HargaPer.com – Dunia maya kembali diguncang dengan kabar kebocoran data masif. Sebanyak 16 miliar informasi kredensial berupa kata sandi (password) dari berbagai akun layanan internet terkemuka seperti Facebook, Google, Apple, dan lainnya dilaporkan telah bocor dan tersebar. Angka yang mencengangkan ini bahkan mencapai dua kali lipat dari total populasi manusia di dunia yang saat ini diperkirakan sekitar 8,2 miliar jiwa.
Informasi mengejutkan mengenai skala kebocoran password terbesar dalam sejarah ini terungkap dalam laporan terbaru dari Cybernews, sebuah blog teknologi yang dikenal rutin membahas insiden kebocoran data di internet. Dalam laporannya, peneliti keamanan siber Vilius Petkauskas membeberkan bahwa 16 miliar password tersebut berasal dari 30 database berbeda yang tersebar luas di jagat maya.
Setiap database menyimpan puluhan hingga ratusan juta data password akun. Salah satu yang paling menonjol adalah 184 juta data password dari Google, Apple, dan Facebook yang dilaporkan bocor pada akhir Mei 2025 lalu. Petkauskas menjelaskan adanya kemungkinan duplikasi data, di mana satu password mungkin tercantum di beberapa database. Ini berarti satu individu bisa saja memiliki lebih dari satu akun internet yang keduanya bocor dan tercatat dalam salah satu dari 30 database tersebut.
Meskipun demikian, Petkauskas tidak dapat memastikan angka pasti jumlah password unik yang bocor. Namun, ia dengan tegas menyatakan bahwa kebocoran ini sangat berbahaya karena data yang beredar tergolong baru, bukan berasal dari insiden lama. “Ini bukan sekadar kebocoran data, ini adalah ‘senjata’ untuk eksploitasi massal,” tegas Petkauskas. “Dengan informasi ini, peretas bisa memiliki akses ke banyak informasi sensitif dan mencurinya untuk melakukan hal-hal yang tak baik. Hal yang lebih mengkhawatirkan adalah fakta bahwa ini merupakan kebocoran password terbesar dalam sejarah dengan data-data yang baru, bukan lama.”
Petkauskas menambahkan bahwa data-data krusial ini dikumpulkan dari beragam sumber, bukan hanya dari kebocoran pada satu atau dua perusahaan saja.

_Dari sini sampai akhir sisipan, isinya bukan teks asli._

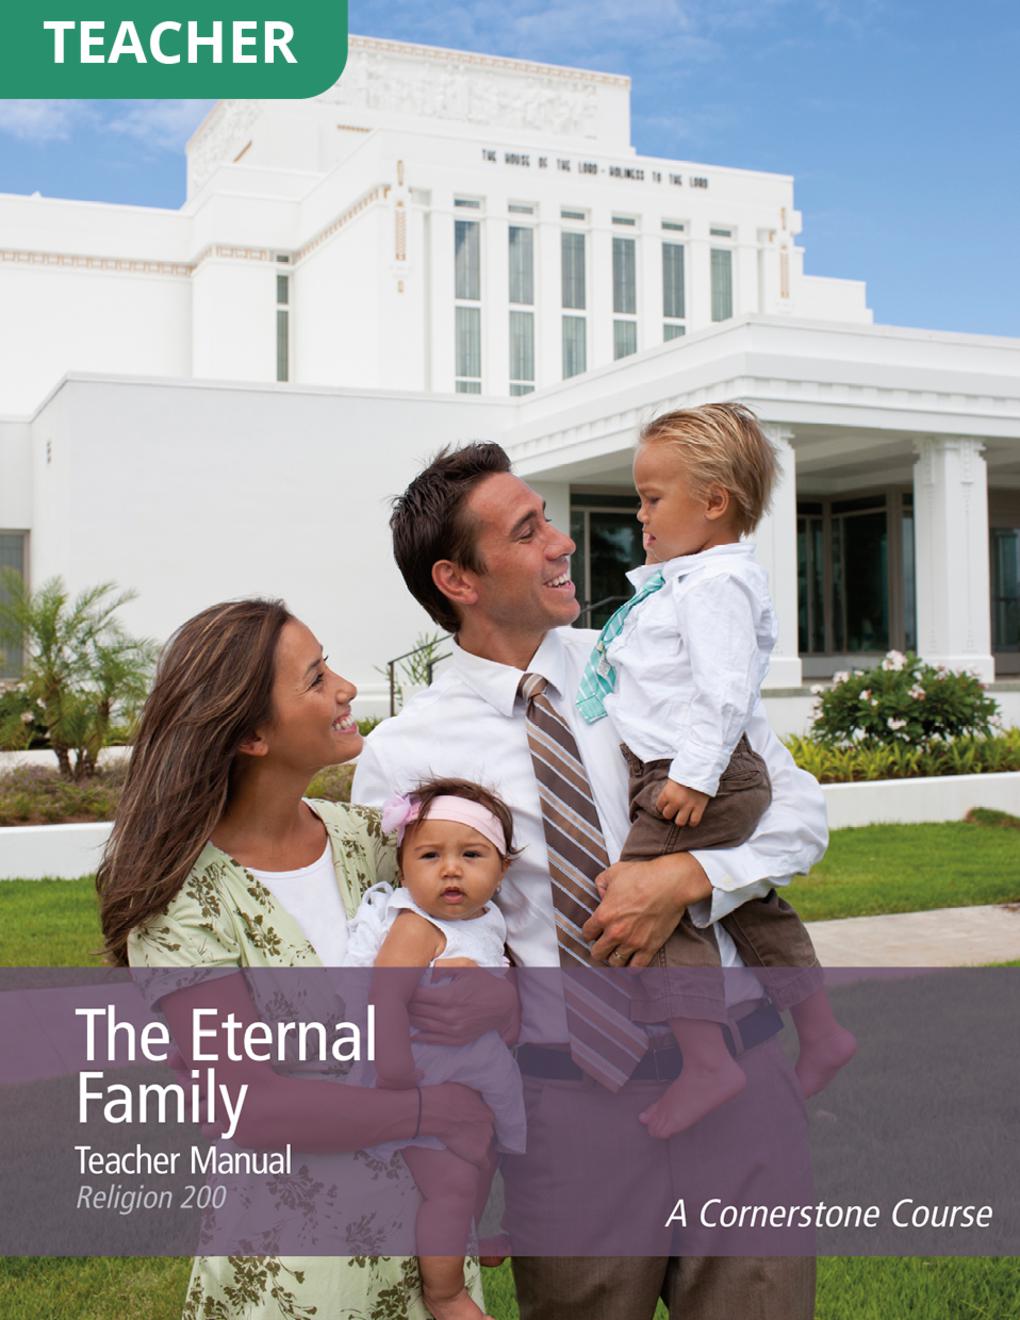 The Eternal Family Teacher Manual (Rel 200)

Beberapa di antaranya berasal dari serangan malware, aplikasi pencuri kredensial (infostealer), serta berbagai database bocor lainnya yang tersebar di internet. Selain password, informasi sensitif lain yang ikut tersebar dalam database ini mencakup token, cookies, metadata, dan informasi penting lainnya yang dapat dimanfaatkan oleh pihak tidak bertanggung jawab.
Dengan data yang diperoleh ini, peretas memiliki kemampuan untuk melancarkan serangan credential stuffing. Ini adalah modus operandi di mana peretas mencoba masuk ke akun korban berulang kali menggunakan kombinasi username dan password curian hingga berhasil. Setelah berhasil menguasai akun, peretas dapat melakukan berbagai tindakan merugikan, mulai dari menjual akun tersebut di pasar gelap internet, melakukan penipuan (phishing) kepada kontak korban, menyebarkan malware atau ransomware, hingga melancarkan serangan siber lanjutan ke target lain seperti kerabat atau bahkan perusahaan korban.
“Kebocoran password ini sangat berbahaya bagi pengguna, apalagi jika mereka hanya mengamankan akun mereka dengan kata sandi saja, tidak dengan fitur keamanan lain,” kata Petkauskas mengingatkan. Oleh karena itu, langkah pencegahan menjadi sangat krusial. Pengguna diimbau untuk segera memeriksa apakah password yang mereka gunakan pernah terlibat dalam insiden kebocoran data melalui situs terpercaya seperti HaveIBeenPwned. Melalui situs ini, pengguna dapat mengecek apakah kata sandi mereka termasuk dalam database yang bocor.
Selain melakukan pengecekan, pengguna juga sangat disarankan untuk mengganti password secara berkala dengan kombinasi yang unik, kuat, dan sulit ditebak. Lebih lanjut, mengaktifkan fitur keamanan tambahan menjadi esensial, seperti two-factor authentication (2FA) yang memerlukan verifikasi kedua, penggunaan password manager untuk mengelola kata sandi kompleks, atau beralih ke passkey berbasis data biometrik yang lebih aman di perangkat Anda. Langkah-langkah proaktif ini sangat penting untuk melindungi akun pribadi dari potensi pembobolan di tengah masifnya peredaran data curian di internet, sebagaimana dirangkum oleh KompasTekno dari laporan Cybernews, Senin (23/6/2025).